South Green Logo

South Green tutorials pages

Description HowTos for HPC cluster itrop
Authors Ndomassi TANDO (ndomassi.tando@ird.fr)
Creation Date 08/11/19
Last Modified Date 18/02/20

Summary


Preambule

Architecture of the Itrop cluster:

The IRD Bioinformatic Cluster is composed of a pool of machines reachable through a single entry point. The connections to the internal machines are managed by a master node that tries to ensure that proper balancing is made across the available nodes at a given moment: bioinfo-master.ird.fr

The cluster is composed of:

Here is the architecture:

Getting connected to a Linux server from Windows with SSH (Secure Shell) protocol
Platform Software Description url
mobaXterm an enhanced terminal for Windows with an X11 server and a tabbed SSH client more
putty Putty allows to connect to a Linux server from a Windows workstation. Download
Transferring and copying files from your computer to a Linux servers with SFTP (SSH File Transfer Protocol) protocol
Platform Software Description url
filezilla FTP and SFTP client Download
Viewing and editing files on your computer before transferring on the linux server or directly on the distant server
Type Software url
Distant, console mode nano Tutorial
Distant, console mode vi Tutorial
Distant, graphic mode komodo edit Download
Linux & windows based editor Notepad++ Download

How to : Transfer files with filezilla sftp on the Itrop cluster

Download and install FileZilla
Open FileZilla and save the IRD cluster into the site manager

In the FileZilla menu, go to File > Site Manager. Then go through these 5 steps:

  1. Click New Site.
  2. Add a custom name for this site.
  3. You have 3 possible choices:

  1. Set the Logon Type to “Normal” and insert your username and password used to connect on the IRD cluster
  2. Choose port 22 and press the “Connect” button.
Transferring files

  1. From your computer to the cluster : click and drag an text file item from the left local colum to the right remote column
  2. From the cluster to your computer : click and drag an text file item from he right remote column to the left local column

How to : Connect to the cluster via ssh

First connection:

Your password has to be changed at your first connection.

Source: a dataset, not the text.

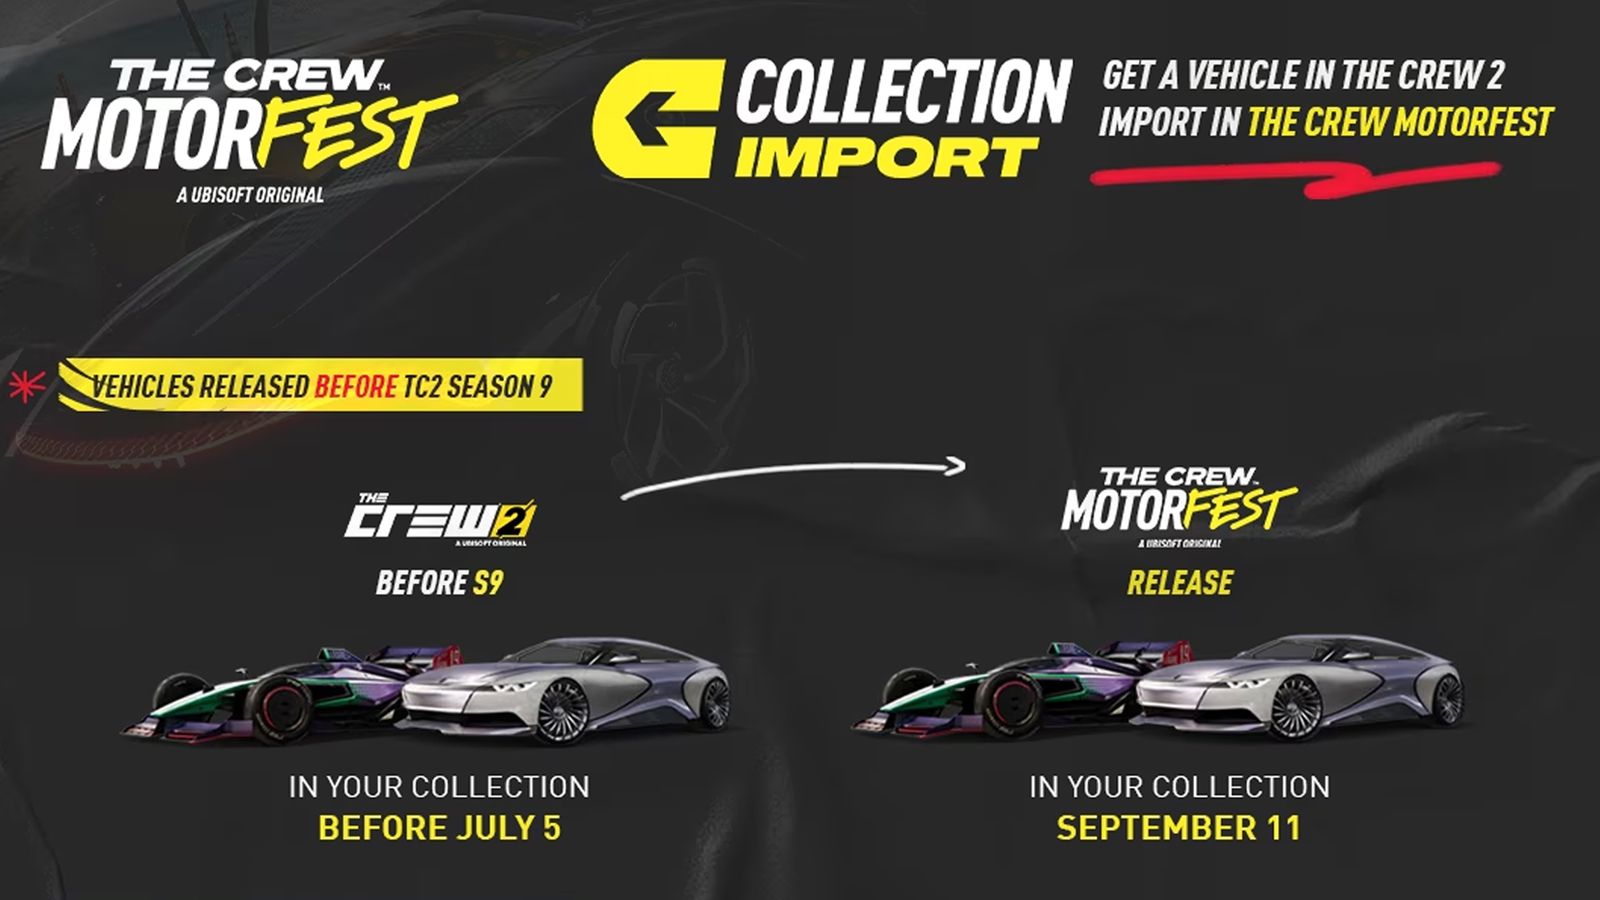 The Crew Motorfest collection import

“Mot de passe UNIX (actuel)”: you are asked to type the password provided in the account creation email.

Then type your new password twice.

The session will be automatically closed.

You will need to open a new session with your new password.

From a windows computer:

In mobaXterm:

  1. Click the session button, then click SSH.
    • In the remote host text box, type: bioinfo-master.ird.fr
    • Check the specify username box and enter your user name
  2. In the console, enter the password when prompted. Once you are successfully logged in, you will be use this console for the rest of the lecture.

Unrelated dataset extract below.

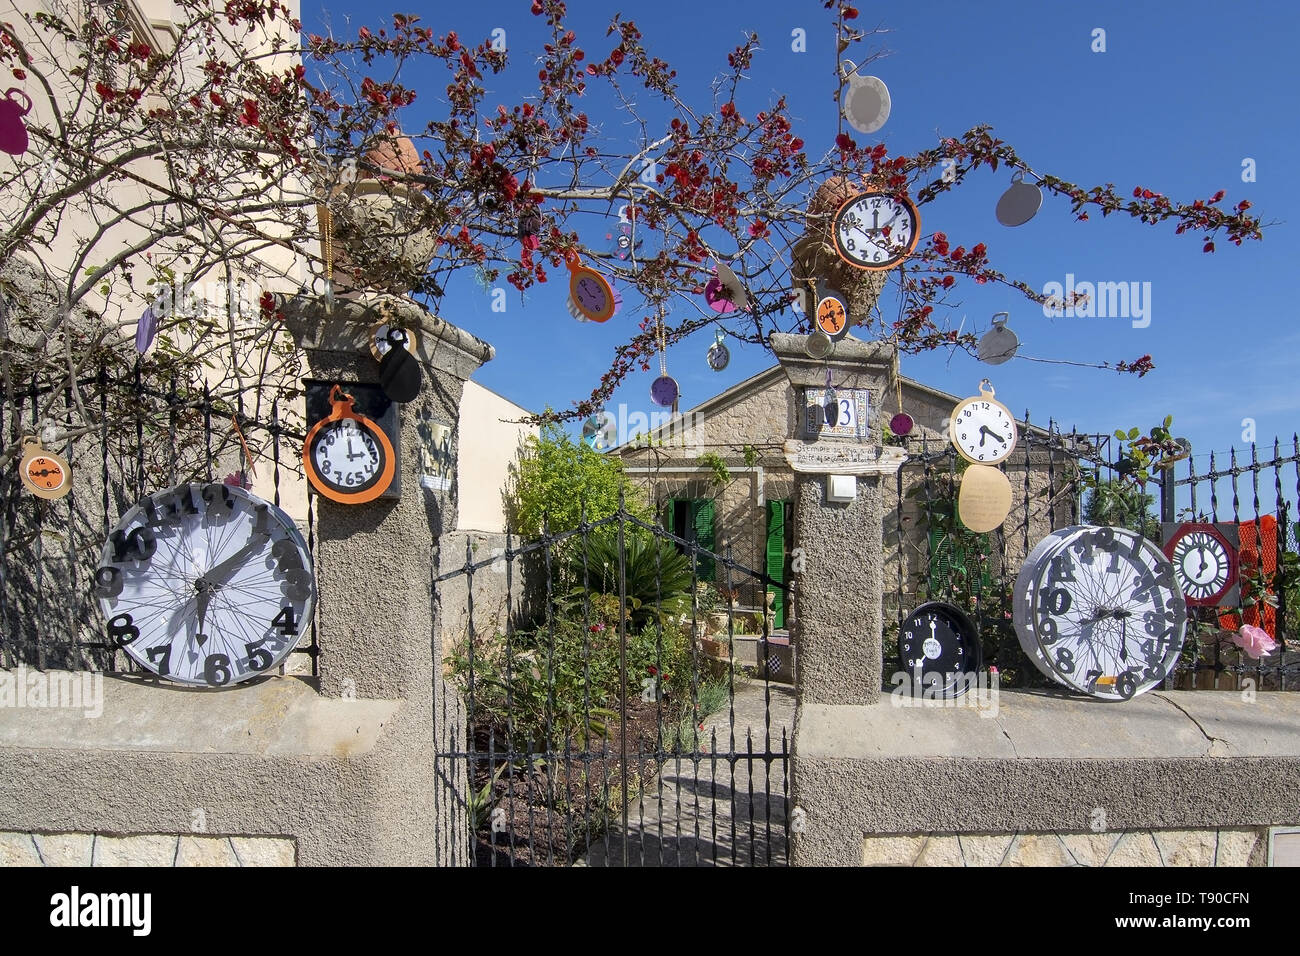 Yearly Flower festival, this time with Alice In Wonderland theme on a sunny day of spring on May 1, 2019 in Costitx, Mallorca Stock Photo

From a mac or a linux computer:

Open the terminal application and type the following command:

ssh login@bioinfo-master.ird.fr

with login: your cluster account


How to : Reserve one or several cores of a node in interactive mode

The cluster uses the scheduler Slurm (https://slurm.schedmd.com/documentation.html) to manage and prioritize the use jobs.

It checks the ressources availables (CPU and RAM ) and allocate them to the users to perform their analyses.

When you are connected on bioinfo-master.ird.fr, you have the possibily to reserve one or serveral cores among them of the 27 nodes available.

Reserving one core

type the following command:

srun -p short --pty bash -i

You will be randomly connected to one of the nodes of the short partition and one core will be reserved for you.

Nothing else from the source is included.